One proposed model for Cry protein mode of action is based on pore formation in the midgut membranes of susceptible insects (Knowles and Ellar, 1987). In the most current version of this model (Bravo et al. 2007), binding to both cadherin and aminopeptidase receptors on Lepidopteran midgut membranes are required for Cry protein toxicity. According to the pore formation model, Cry protein intoxication involves several steps: 1) Proteolytic processing of soluble Cry protoxin to an activated core toxin; 2) Cry protein binding to cadherin receptors on the insect midgut; 3) further proteolytic cleavage at the core toxin N-terminus to remove an α-helical region; 4) Cry protein oligomerization to form a pre-pore; 5) pre-pore binding to second site membrane receptors (aminopeptidases and alkaline phosphatases); 6) pre-pore insertion into the membrane and 7) osmotic cell lysis leading to midgut disruption and insect death.

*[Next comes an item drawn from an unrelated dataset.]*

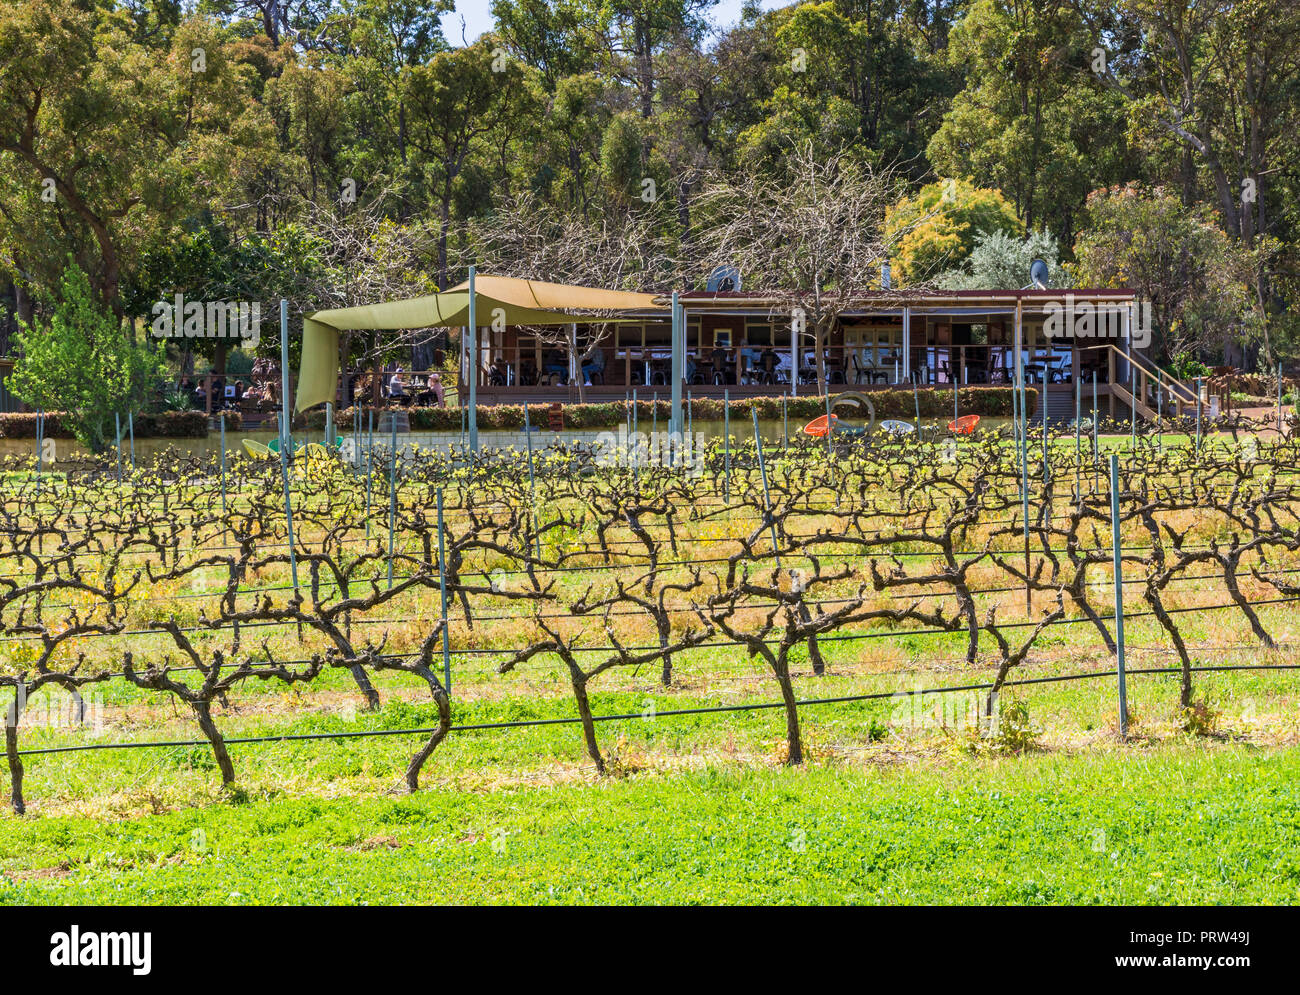 Primavera de vides en el Viñedo Hainault y cafetería en el valle Bickley, Australia Occidental Foto de stock

α-helices 4 and 5 of domain I are known to play roles in membrane insertion and pore formation (Walters et al. 1993, Gazit et al. 1998; Nunez-Valdez et al. 2001; FIG. 2), with the other helices proposed to contact the membrane surface like the ribs of an umbrella (Gazit et al. 1998; FIG. 3). Chymostrypsin activation of Cry3Aa1 occurs via cleavage in the loop region between domain I α-helix 3 and α-helix 4 (Carrol et al. 1997). Some α-helix 3 mutants are able to bind receptors but do not form oligomers and are non-toxic to Manduca sexta (reviewed in Jimenez-Juarez et al. 2008). Gazit et al. 1998 showed that α-helix 1 does not bind phospholipid membranes. In Cry1A proteins α-helix 1 is removed following receptor binding and is followed by oligomerization (Gomez et al. (2002). Soberon et. al (2007) have further shown that N-terminal deletion mutants of Cry1Ab and Cry1Ac lacking approximately 60 amino acids encompassing α-helix 1 on the three dimensional Cry structure are capable of assembling ca. 60 kDa monomers into pre-pores. These results contrast with those of Hofte et al. 1986 who reported that deletion of 36 amino acids from the N-terminus of Cry1Ab resulted in loss of insecticidal activity. (Hofte et al., “Structural and functional analysis of a cloned delta endotoxin of Bacillus thuringiensis berliner 1715” Eur. J. Biochem. 161; 273-280 (1986).)
Cry3Aa1 is the best studied three domain Coleopteran-active Bt protein. Cry3Aa1 mode of action follows similar steps as described above for Lepidopteran-active Cry proteins (Bravo et al. 2007). However, there are fundamental differences in the activation steps for Coleopteran-active Cry protoxins. The midgut of coleopteran insects is slightly acidic rather than alkaline as in the case of Lepidopterans (Koller et al 1992) and native Cry3Aa1 is not soluble under acidic conditions. Processing with chymotrypsin resulted in conversion of the full length 67 kDa polypeptide to a 55 kDa derivative that was fully soluble across a broad pH range and retained activity against Colorado potato beetle (Carroll et al. 1997).